I believe that [this][1] is where Invidious does the equivalent of what youtube-dl does to extract the video URLs. At first glance, it looks to me like it similarly parses a JS file in order to determine a function (named "decrypt_function" in this case) that calculates the video URL, but I don't really understand it and am not qualified to say whether Invidious's approach and/or youtube-dl's approach is secure.

[1]: https://github.com/omarroth/invidious/blob/02d4186b110bb5cf8cc07672a4ff45f7189eb3e6/src/invidious/helpers/signatures.cr

zigote
Offline
Joined: 03/04/2019

As a whole I agree with what you wrote.
Some comments:

> I'd be happy to see more in-depth analysis.
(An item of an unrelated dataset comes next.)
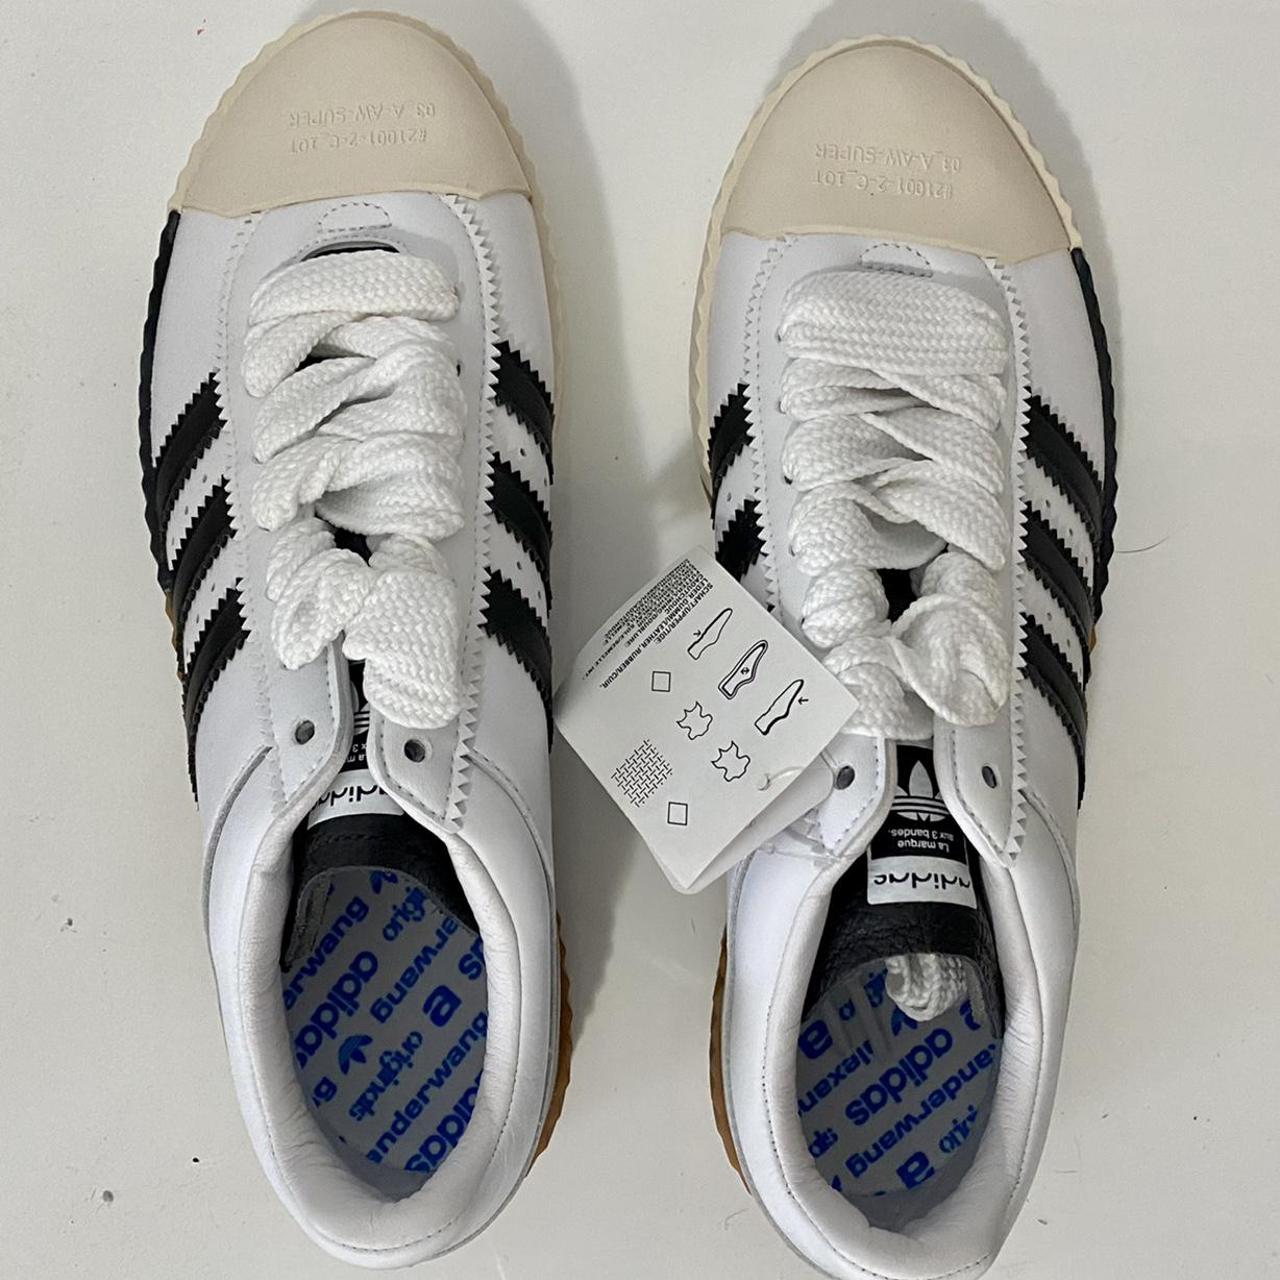 Alexander Wang Men's White and Cream Trainers (3)

The problems with that are:

1. Such analysis needs a lot of time. Trying to understand what code written by others does (especially when it has poor readability which I believe is the case with both youtube-dl and invidious) is tedious.

2. The code is not static, so continuous monitoring would be necessary. Not really a work-for-free task.
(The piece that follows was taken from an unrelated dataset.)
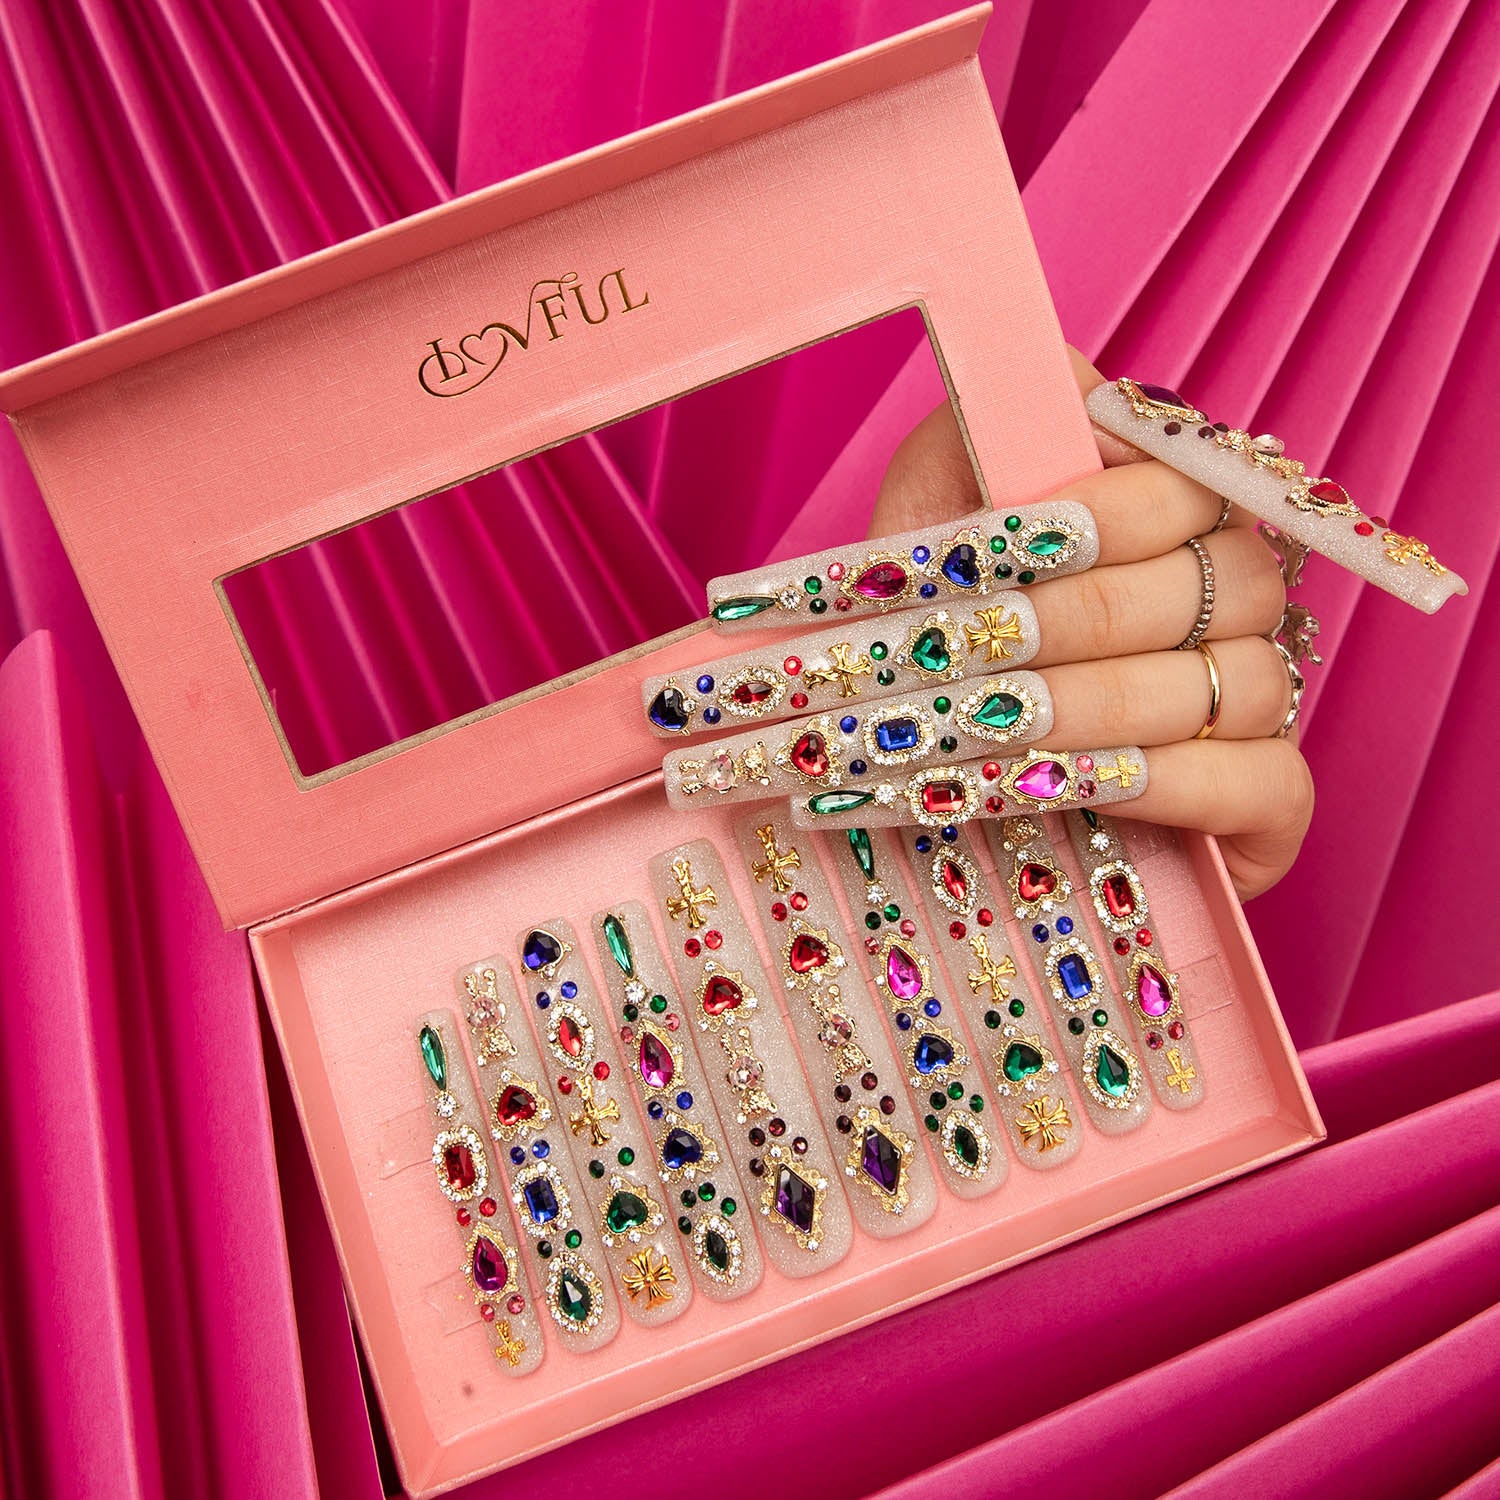 Hand showcasing H103 Treasure Trove square press-on nails by Lovful, decorated with colorful gems and glitter, set in a pink box against a pink pleated fabric background

That's why I say it would be easier to write one's own downloader. If the only goal is to download YouTube videos with invidious it should be quite simple. The URL of the video is on the lines containing type="video/mp4" and the title is in the title tag. Zero JS required.

3. It is important who makes the analysis and with what purpose. Merely confirming "OK, it does not run non-free JS" is not an evaluation of security (or privacy). From discussions seen so far it seems the only concern is "freedom" which is too weak requirement (at least to my mind).

> similar situation to the debate over whether Chromium is non-free

Except that with Chromium it is not a discussion of security.

> I remember it being an issue for nearly any video containing a studio recording of a song.

Before posting my previous reply I explicitly checked popular VEVO musical videos with many millions of views and I could download them without problems. Invidious obviously does a good job and as long as it is doing its thing on the server and not on my machine that's fine with me.

chaosmonk

I am a member!

I am a translator!

Offline
Joined: 07/07/2017

> Trying to understand what code written by others does (especially when it has poor readability which I believe is the case with both youtube-dl and invidious) is tedious.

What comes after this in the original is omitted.